Re: [PATCH][v8] PM / hibernate: Verify the consistent of e820 memory map by md5 value
From: Chen Yu
Date: Fri Sep 09 2016 - 03:28:37 EST
Hi Pavel,
On Thu, Sep 08, 2016 at 11:15:52PM +0200, Pavel Machek wrote:
> On Tue 2016-08-30 13:54:44, Rafael J. Wysocki wrote:
> > On Tuesday, August 30, 2016 04:35:05 PM joeyli wrote:
> > > On Mon, Aug 29, 2016 at 03:41:23PM +0200, Borislav Petkov wrote:
> > > > On Mon, Aug 29, 2016 at 09:15:00AM +0200, Pavel Machek wrote:
> > > > > Sounds about as easy as hot unplugging arbitrary memory address. IOW
> > > > > "not easy".
> > > >
> > > > Regardless, forcibly panicking the system more is still the wrong
> > > > approach IMO.
> > > >
> > > > Instead, I'd try to issue a big fat warning that BIOS corrupts E820 and
> > > > that the user should disable hibernation on that box and never ever
> > > > enable it again.
> > > >
> > > > After that, the kernel should *disable* hibernation for the current boot
> > > > so any further hibernation runs don't even happen. Maybe even taint
> > > > itself.
> > > >
> > >
> > > I support this idea to disable hibernation when kernel detected e820 layout
> > > was changed by BIOS. If system resume luckily then kernel should warn to user
> > > and refuse to hibernate again. User must to know that's better to reboot
> > > system when he saw the warning message after lucky resume.
> > >
> > > Not just BIOS doesn't fix e820 layout. There have some machines doesn't provide
> > > _S4_ function, so the hibernation fallbacks to "shutdown" mode because "platform"
> > > mode unavailable. In this situation, user is just lucky to run the hibernation.

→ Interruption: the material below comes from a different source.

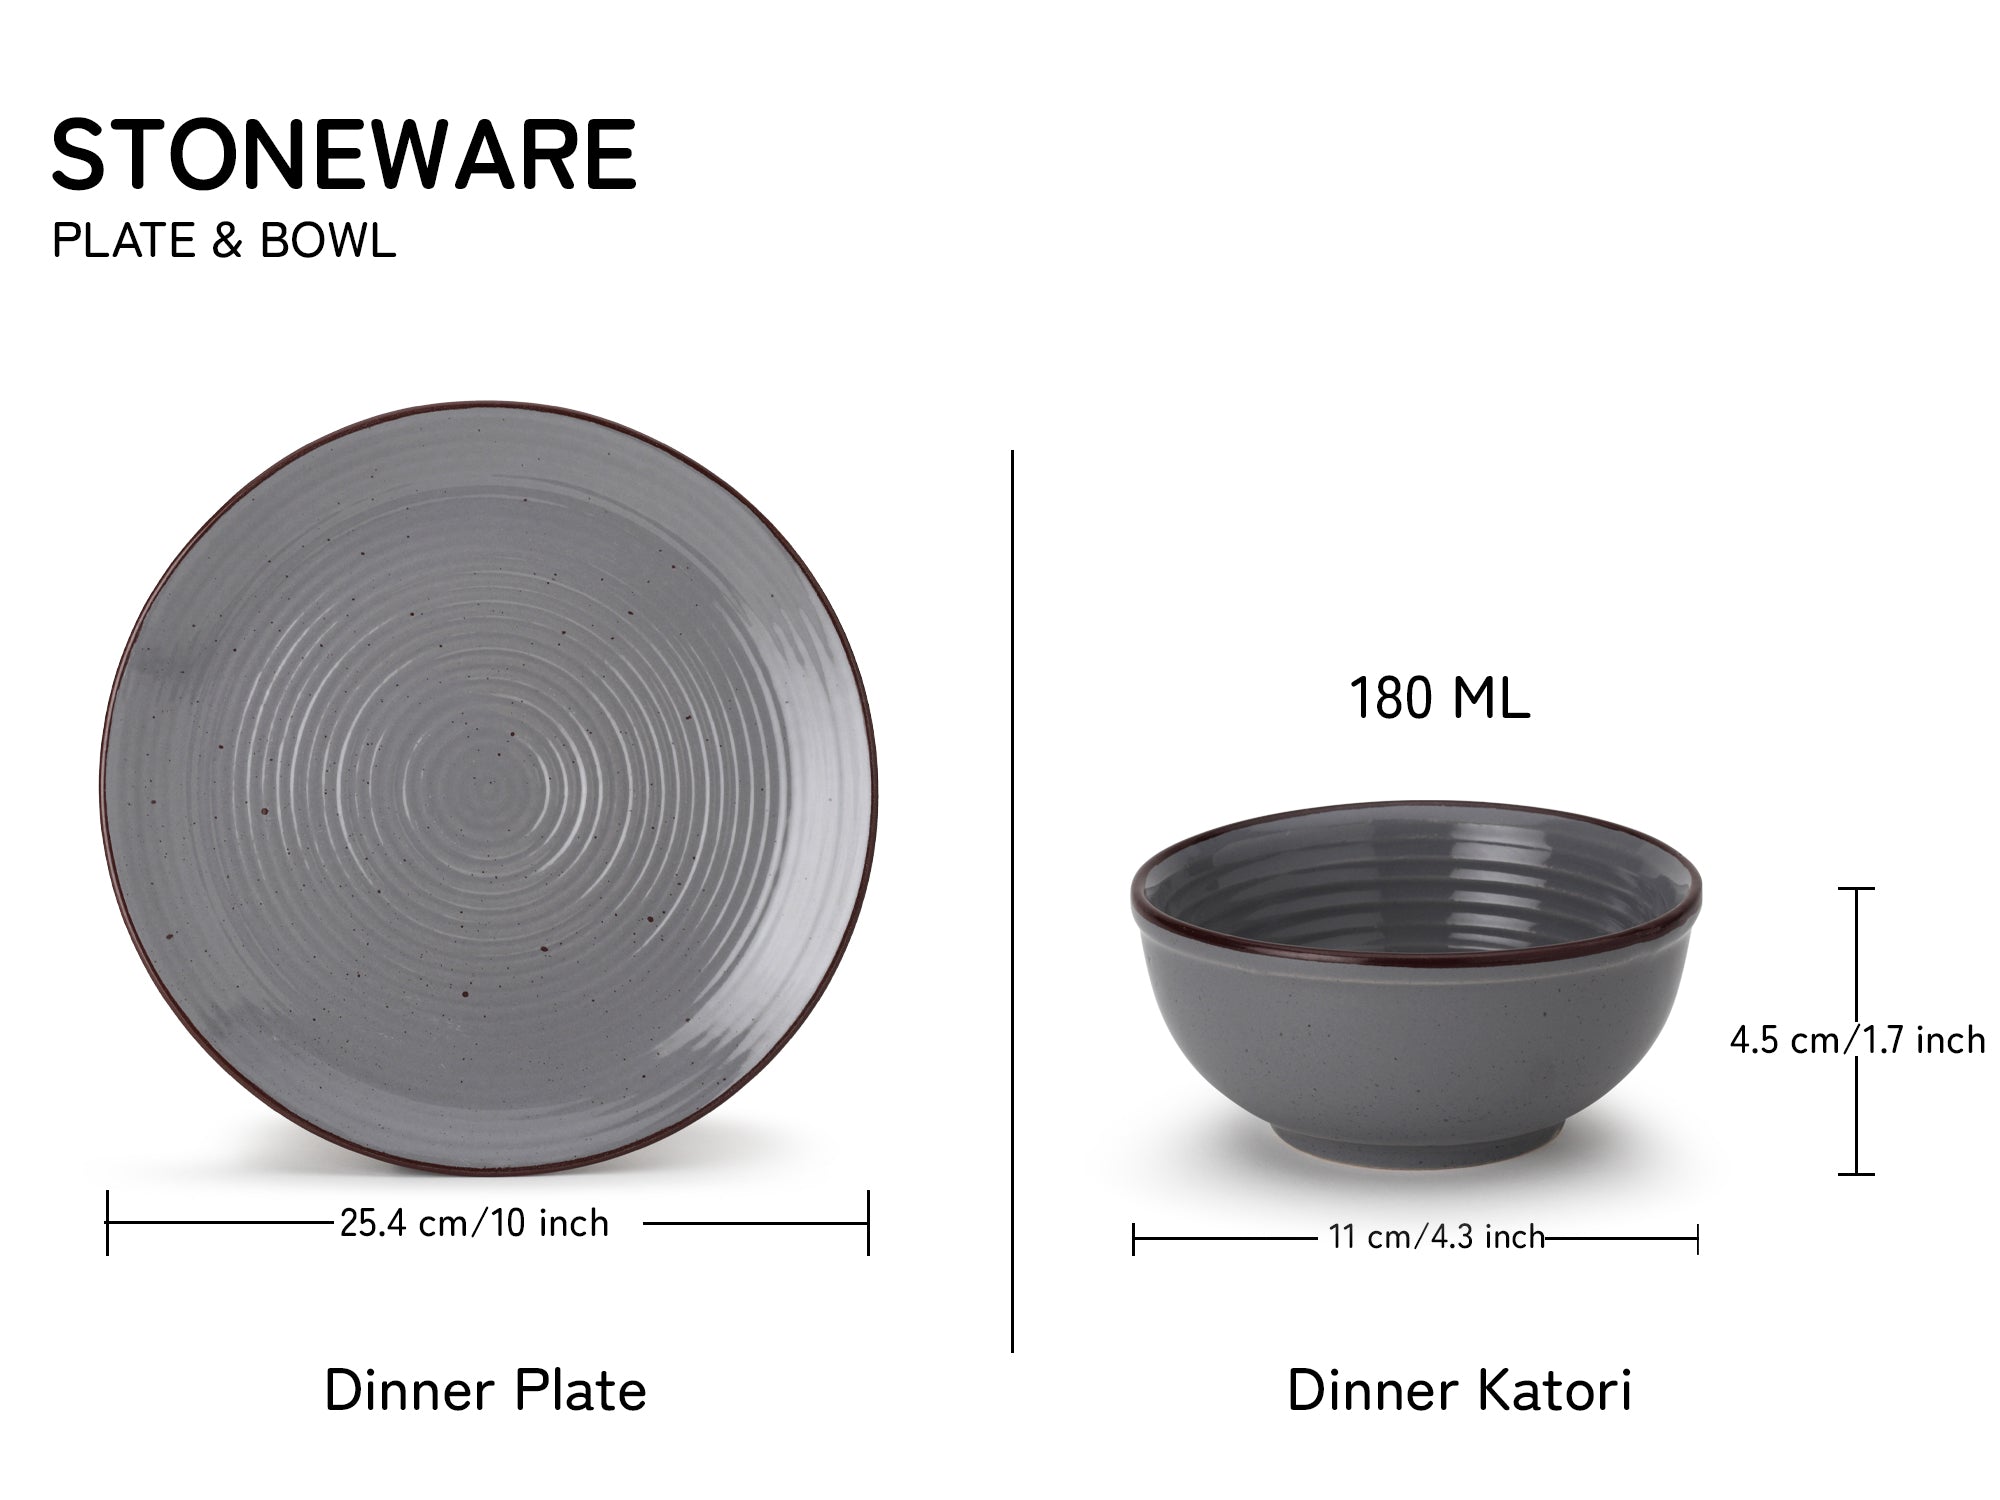 Graphite NoirDining Ensemble - 4 Dinner Plates & 4 Bowls/Katoris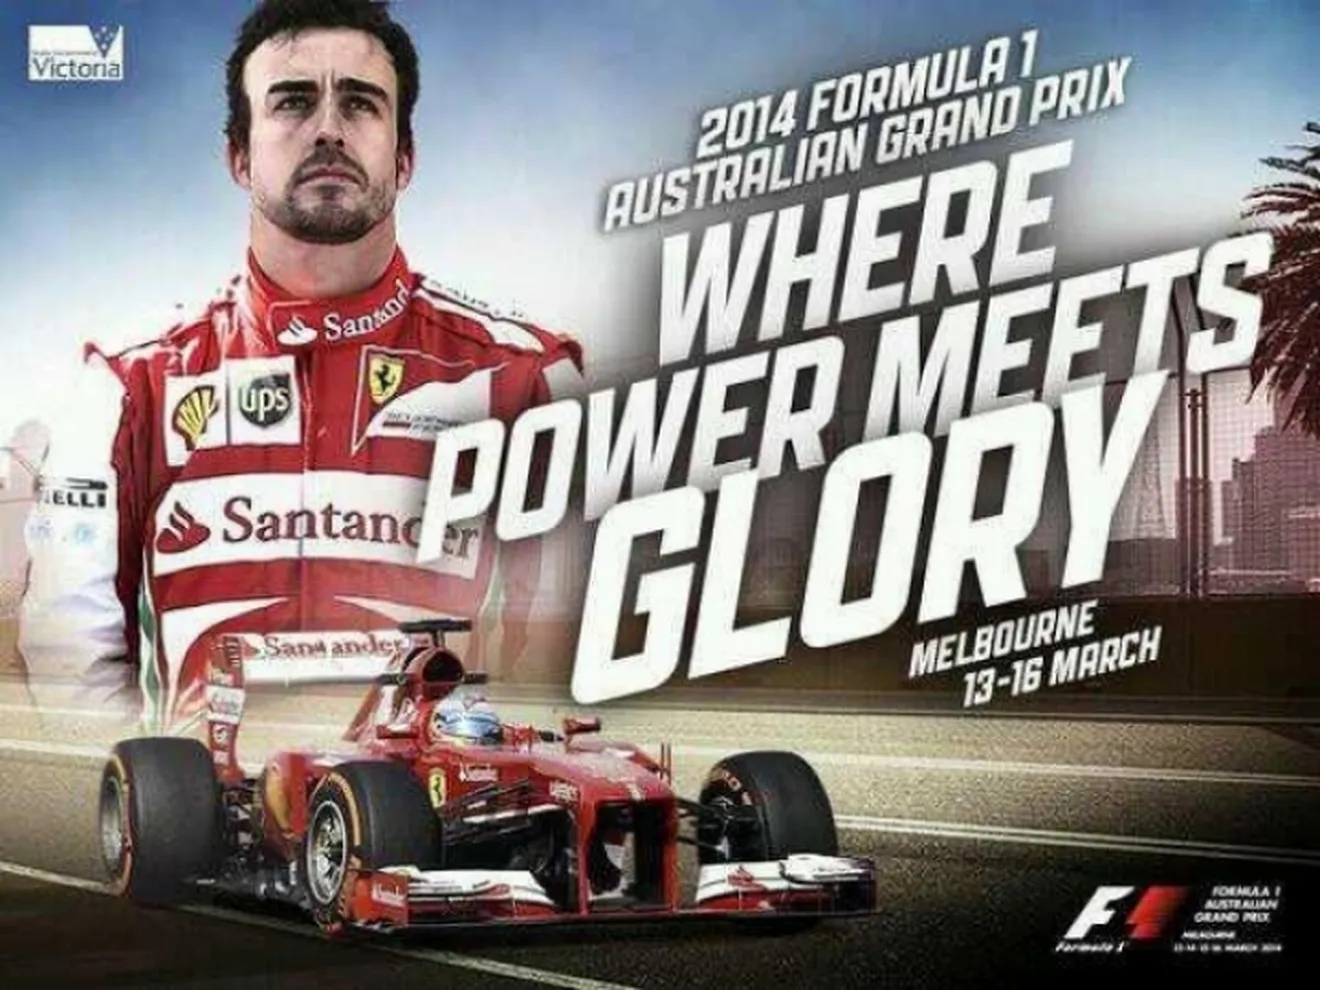 Fernando Alonso, protagonista del cartel del GP Australia F1 2014

> > > Kernel should warn to user and disable hibernation when detected e820 layout
> > > changed.
> >
> > Well, please see my reply to Boris.
> >
> > Pavel is right that running after detecting an e820 mismatch is generally risky,
> > so why don't we shut down the system (but try to do that cleanly instead of
> > causing it to panic right away) on an e820 mismatch?
>
> I don't think that's good idea.
>
> Anything involving userspace is risky at that point, and clean
> shutdown means a _lot_ of userspace.
>
> We know the filesystems are reasonably clean as we sync-ed
> them; I believe right solution is to panic -- on-disk state is pretty
> good and we don't want to do anything risky.
>
OK, we tried a milder solution that doesn't shutdown the system in the
latest version, which terminates the restore process if a mismatch is found
(hope people would be happy with that one :)
Here's the patch link per yours and Rafael's last comments on the old patch,
and I'm still doing some small adjustment and will send a newer one but it
is approximately similar to the following link:
https://patchwork.kernel.org/patch/9310497/